Vários são os posicionamentos que se podem realizar, desde decúbito dorsal, semidorsal, ventral, semiventral, lateral (direito e esquerdo) e posição de fowler. O tipo de posicionamento a realizar irá depender sempre da condição de saúde da pessoa e do tipo de dependência da mesma.

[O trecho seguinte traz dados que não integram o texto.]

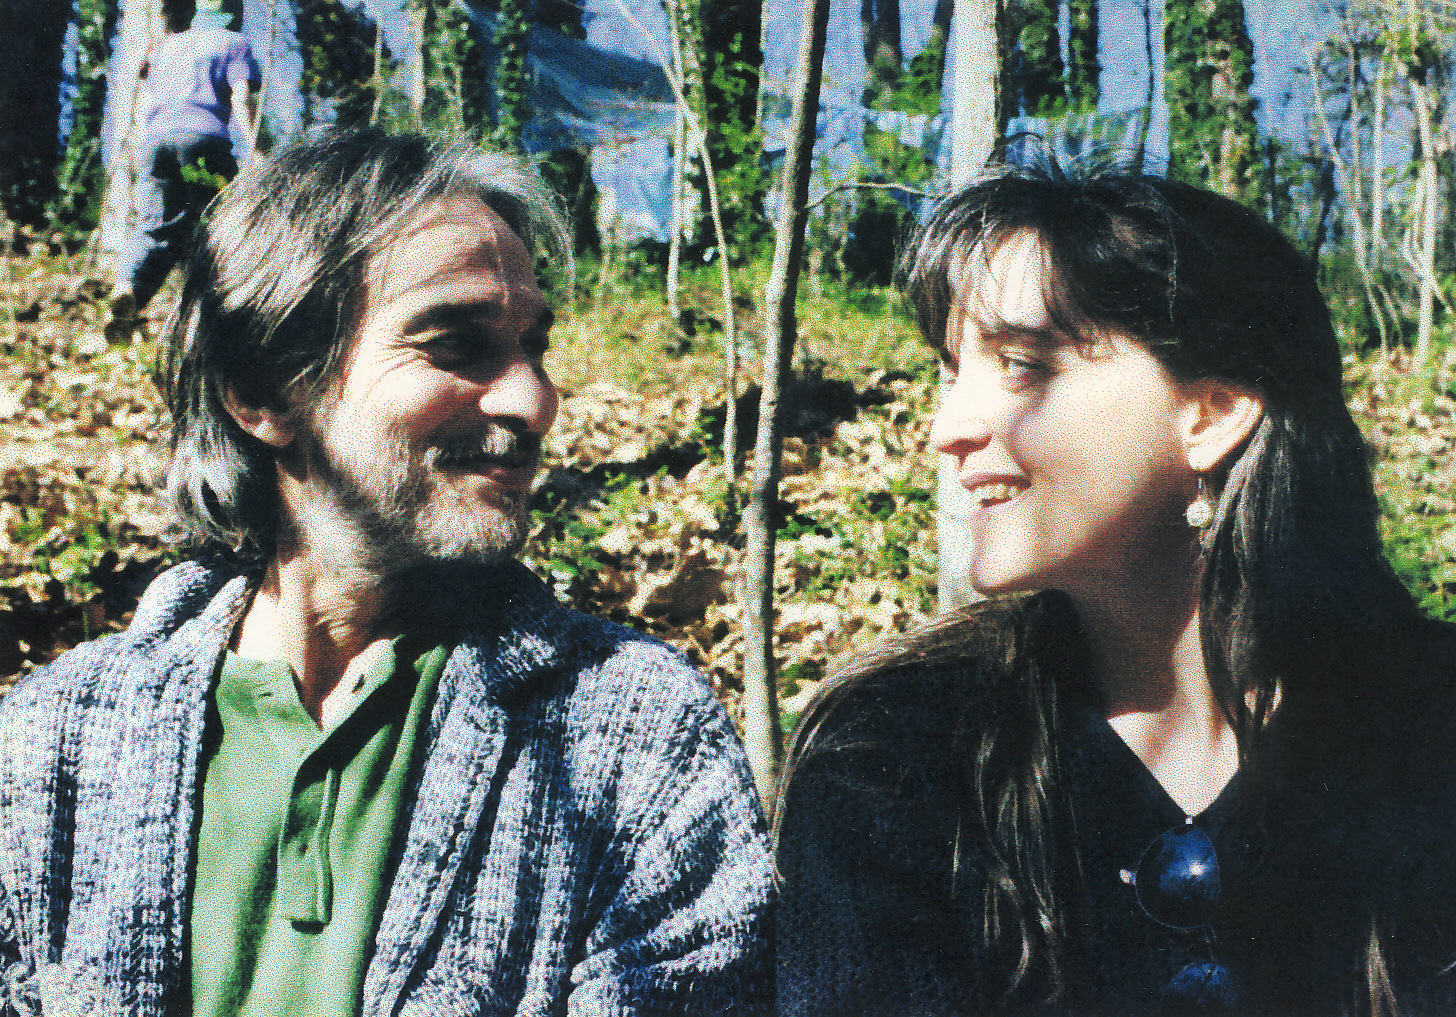 Eric and Jennifer

Existem alguns cuidados fundamentais a ter na realização destas operações:
 
– Material necessário para posicionar;
– Avaliação regular da pele da pessoa;
– Especial atenção com as proeminências ósseas;
– Evitar a fricção e torção, podendo recorrer a meios de apoio;
– Usar movimentos suaves e firmes;
– Posicionar de duas em duas horas (Timmerman, 2007), podendo esta regularidade ser alterada pela condição clínica global, pelos objetivos do tratamento e ainda pelas condições globais da pele (APTF, 2009);
– Deixar a pessoa confortável, o peso corporal distribuído equitativamente, mantendo o alinhamento corporal;
– Registar a posição colocada, a hora, quem realizou o posicionamento e a avaliação dos resultados no regime de reposicionamentos, caso seja aplicável.
 
A imobilidade é indutora de inúmeras alterações orgânicas que potenciam a dependência, com consequências negativas quer para a própria pessoa, quer para o/a cuidador/a. Assim, é primordial manter estilos de vida saudáveis, com atividade regular, adaptada à condição de cada Maior.